Here are a few more simple guidelines to follow when preparing and serving eggs:

  • Serve eggs and food prepared using eggs immediately after cooking, or refrigerate and use within three to four days.
  • For entertaining, serve all egg dishes within two hours. Cold egg dishes and beverages should be kept on ice.
  • If a recipe calls for eggs at room temperature, immerse them in warm water for a few minutes.
  • To prevent toughness, always use moderate heat and controlled cooking times for eggs.
  • Don't eat cracked eggs or eggs that have been out of the refrigerator for more than two hours.
  • Use a glass or metal bowl instead of a plastic bowl when making meringue. The greasy film on a plastic bowl can prevent foaming.
  • The egg yolk and white separate best when they are cold.
  • Egg whites will beat to a better volume if they're allowed to stand at room temperature for 20 to 30 minutes before beating.
  • Unless otherwise specified, most recipes are written based on the use of large eggs. One large egg = ¼ cup or 4 tablespoons or 50 mL.
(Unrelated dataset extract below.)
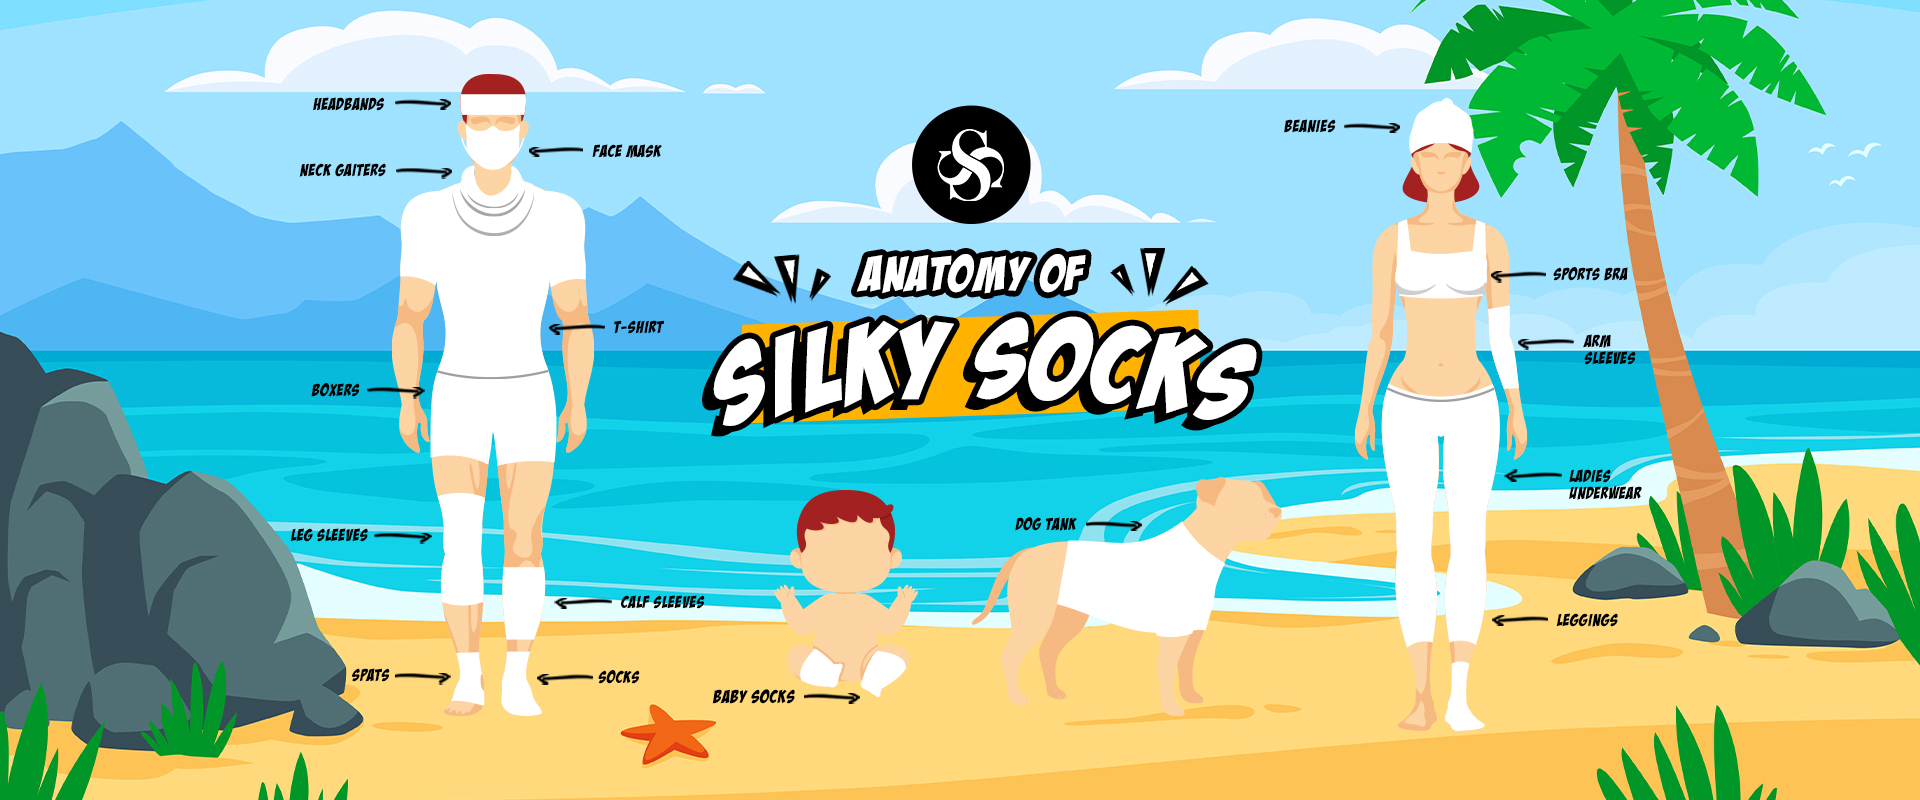 Sublimation Sports Bra by Silky Socks
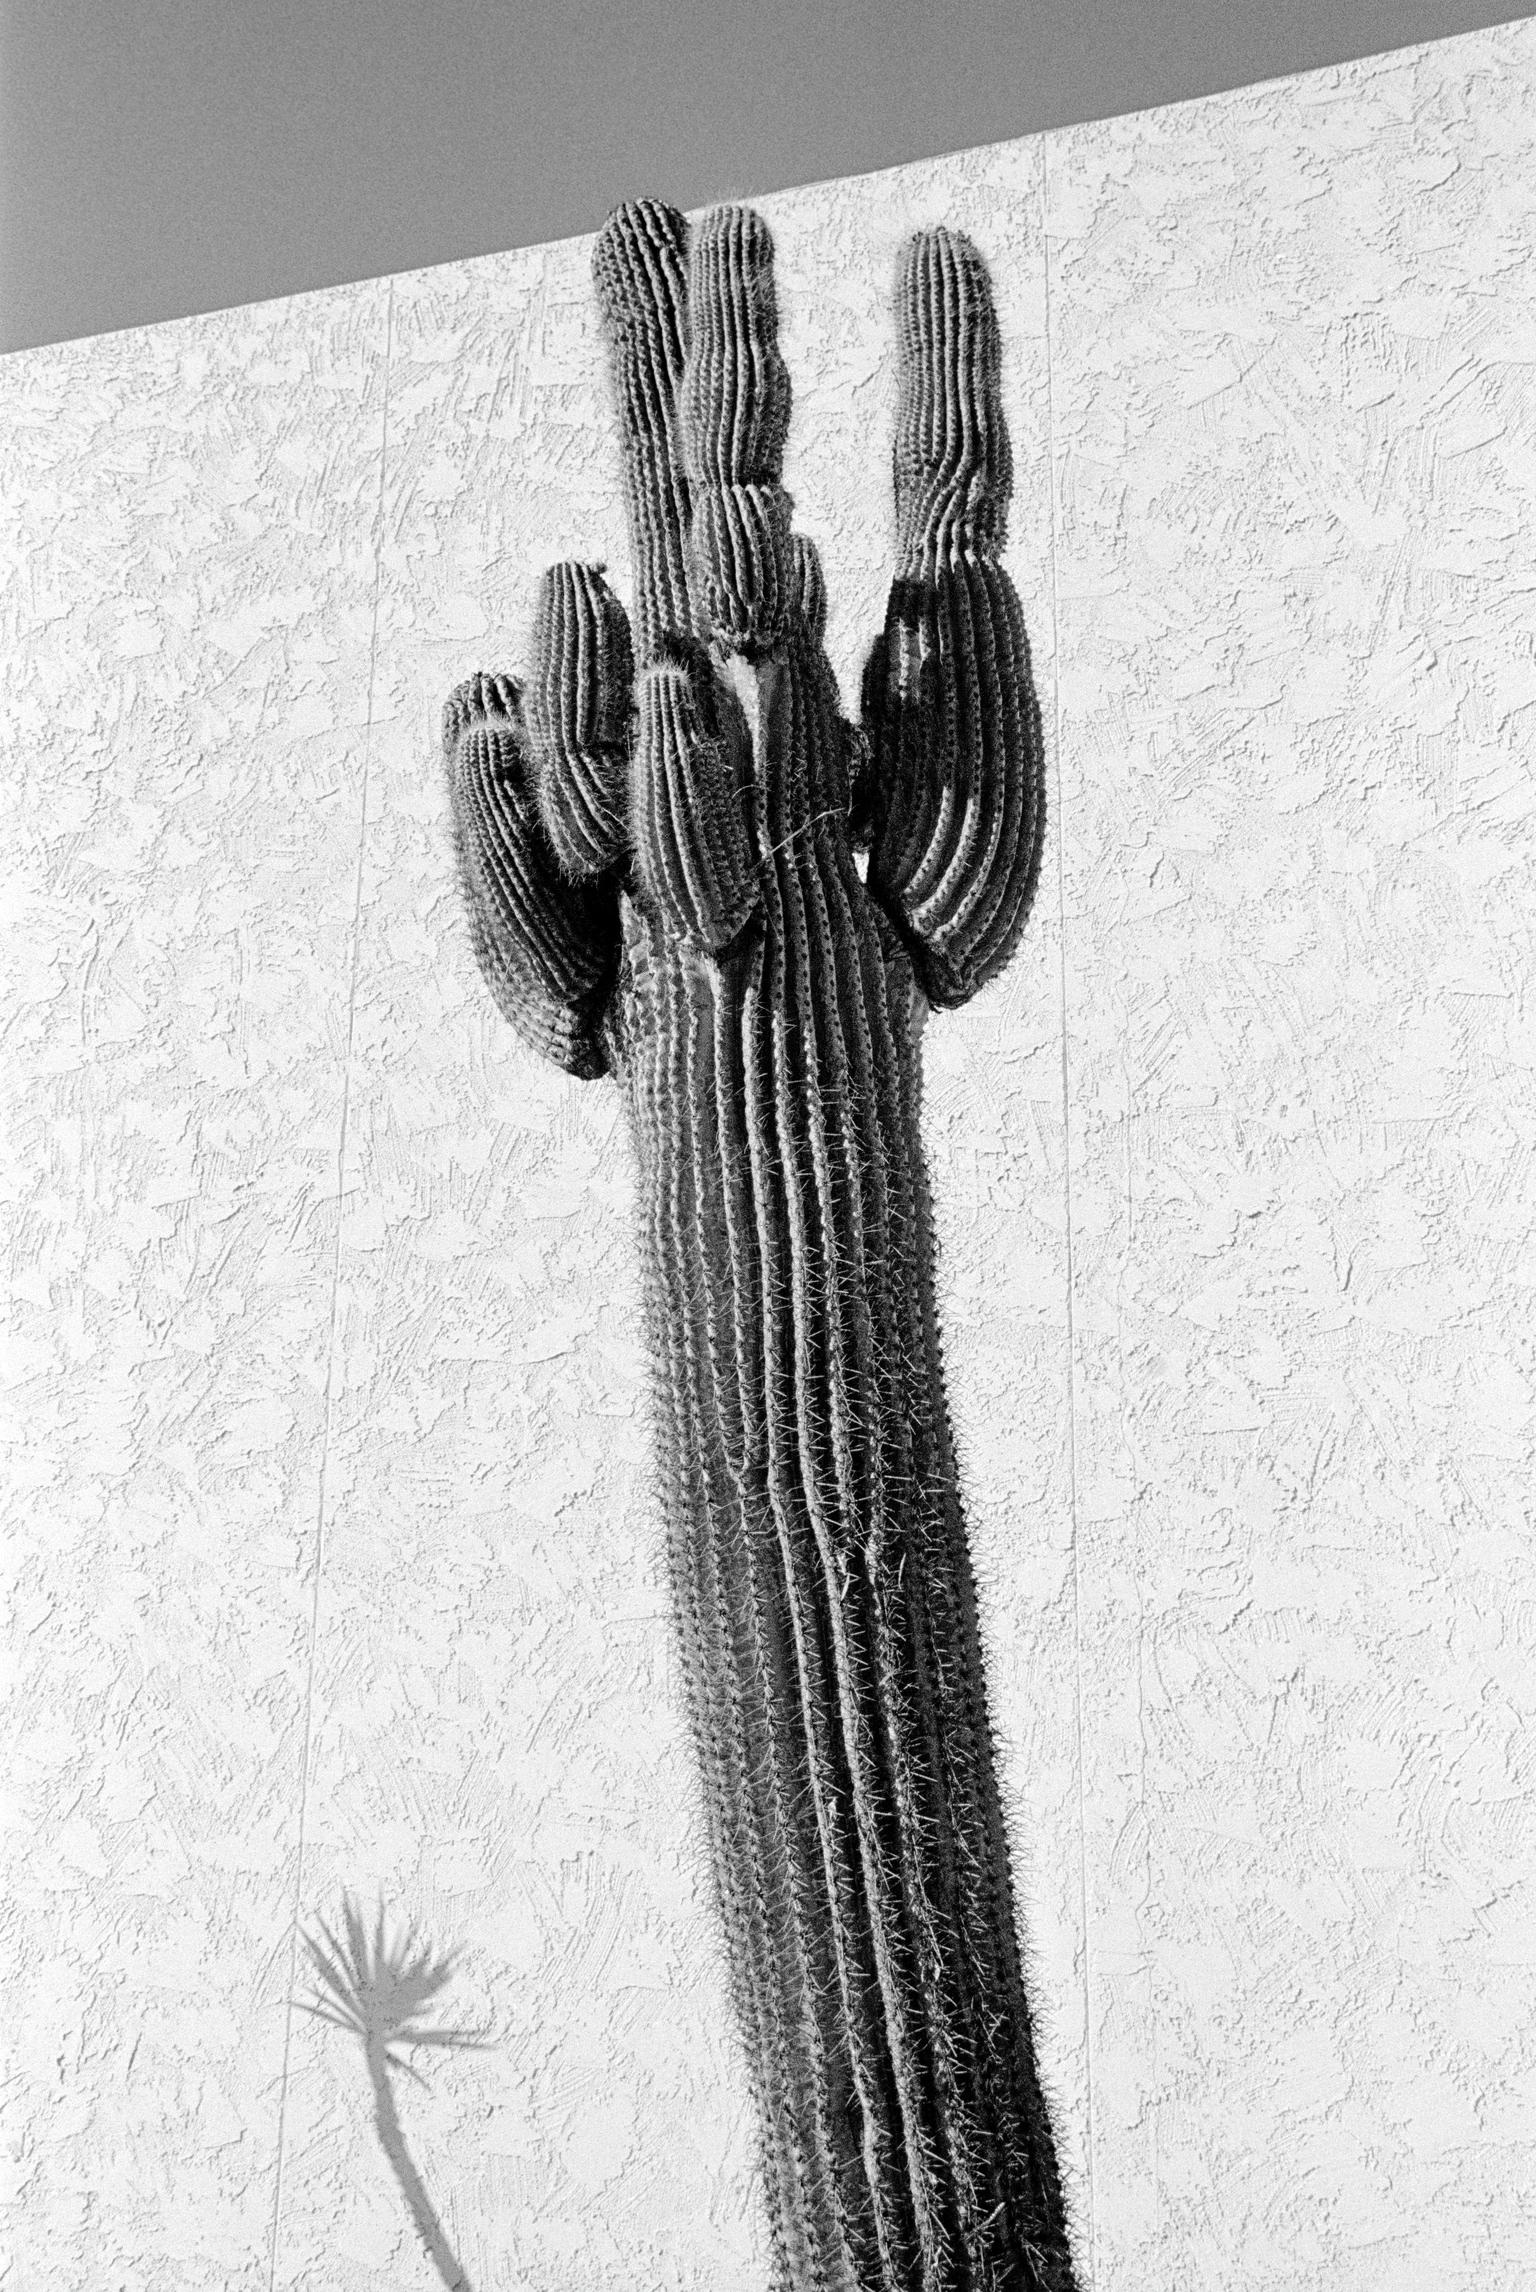 A garden Saguaro Cactus with shadow. Phoenix, Arizona USA

For more information on safe food preparation and fighting bacteria, consult

How to tell if eggs are fresh

The easiest way to tell if your eggs are fresh is by the Best Before Date on your egg carton, so it’s best to always keep your eggs stored in their original carton. Here are a few more simple ways to determine the freshness of your eggs:

  • Grade A eggs have a firm white, a small air cell at the wide end and a centered yolk.
  • A fresh egg will sink in water while an older egg will float. As an egg ages, the size of the air cell inside increases, causing it to float.
  • In a fresh egg, the yolk sits up high, and the white is thick and closely surrounds the yolk. An older egg has a flat yolk that breaks easily and a thin, watery white.
  • To differentiate between hard-cooked eggs and raw eggs, simply spin it. A hard-cooked egg will spin longer than a raw egg. The liquid centre in a raw egg prevents it from building up enough momentum to keep turning.
  • A cloudy egg white is a sign of freshness, not age: the cloudiness is the result of the high carbon dioxide content when the egg is laid.